The design principle: a developer should be able to understand the complete state of their service from kubectl get and kubectl describe on the CRD alone. If they need to inspect the Deployment, the NetworkPolicy, and the ExternalSecret to understand what’s happening, your status is incomplete.

Chapter 2 drew an analogy between admission webhooks and a compiler’s parser: they reject invalid input before it reaches the compilation pipeline. This section makes that concrete.

CRD schema validation catches structural errors: wrong types, missing required fields, values outside enum ranges. This covers a large class of mistakes. But some validation requires logic the schema can’t express.

  • Image reference format. The schema can require image to be a non-empty string. It cannot require the string to be a valid container image reference with a digest. A webhook can parse the string and reject myapp:latest (tag) while accepting registry.example.com/myapp@sha256:abc123 (digest).
  • Secret reference format. If your secret reference syntax is ${secret.name.key}, the schema can require the field to be a string. It cannot validate that the string is a well-formed secret reference. A webhook can parse the references and reject malformed ones.
  • Cross-field dependencies. If the CRD has a scaling block and a replicas field, you need to validate that scaling.maxReplicas >= replicas. Modern Kubernetes (1.25+) supports x-kubernetes-validations with Common Expression Language (CEL) — you can write self.scaling.maxReplicas >= self.replicas directly in the CRD spec, evaluated by the API server without a webhook. CEL bridges the gap between structural schema validation and a full admission webhook: it handles cross-field rules without the operational overhead of running webhook pods. For constraints that CEL can’t express (semantic validation against external state), you still need a webhook.

Semantic validation depends on the state of the cluster, not just the contents of the spec.

  • Quota checks. “This service requests 8 CPU. The namespace quota is 16 CPU with 12 CPU in use. The request fits.” This requires reading the quota and current usage from the cluster.
  • Referential integrity. “This spec declares a dependency on service payments. Does a service named payments exist in this namespace?” This requires reading the service list.
  • Policy pre-checks. “This spec references a secret. Does a Cedar policy exist that would permit this access?” This requires evaluating the policy engine. (The full evaluation happens during compilation — the webhook can do a fast pre-check to give early feedback.)

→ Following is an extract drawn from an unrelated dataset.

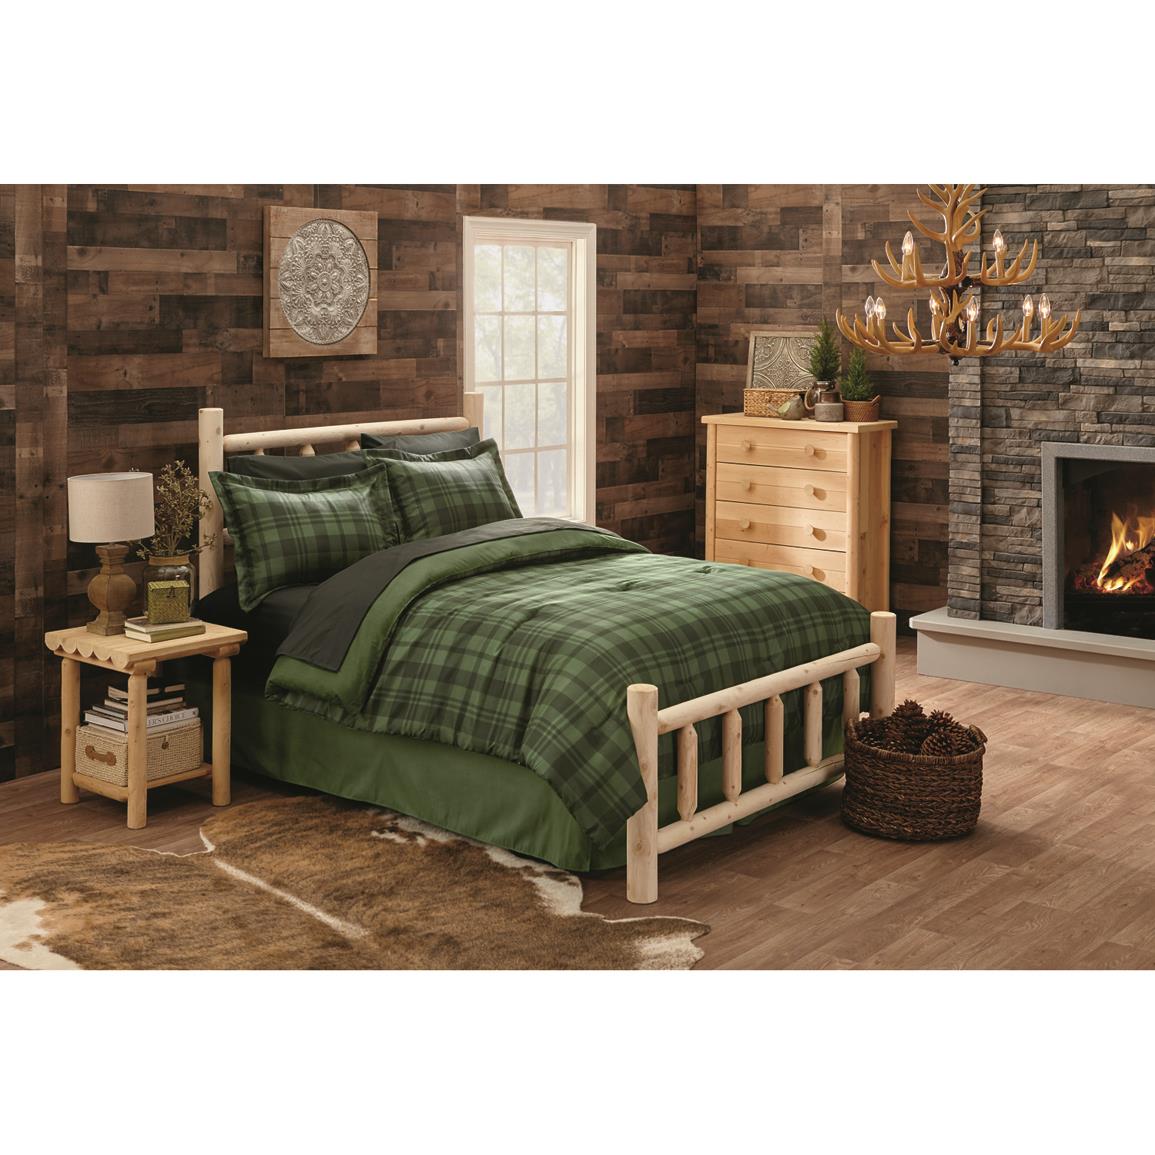 CASTLECREEK Cedar Log Bed, Full

Semantic validation is more complex than syntactic validation because it depends on external state, which can change between validation and compilation. A quota check that passes at admission time might fail at compilation time if another service was admitted between the two. This is acceptable — admission validation provides early feedback, not guarantees. The compiler does the authoritative check.

Admission webhooks should use failurePolicy: Fail. If the webhook is unreachable, the API server should reject the resource rather than admitting it unvalidated.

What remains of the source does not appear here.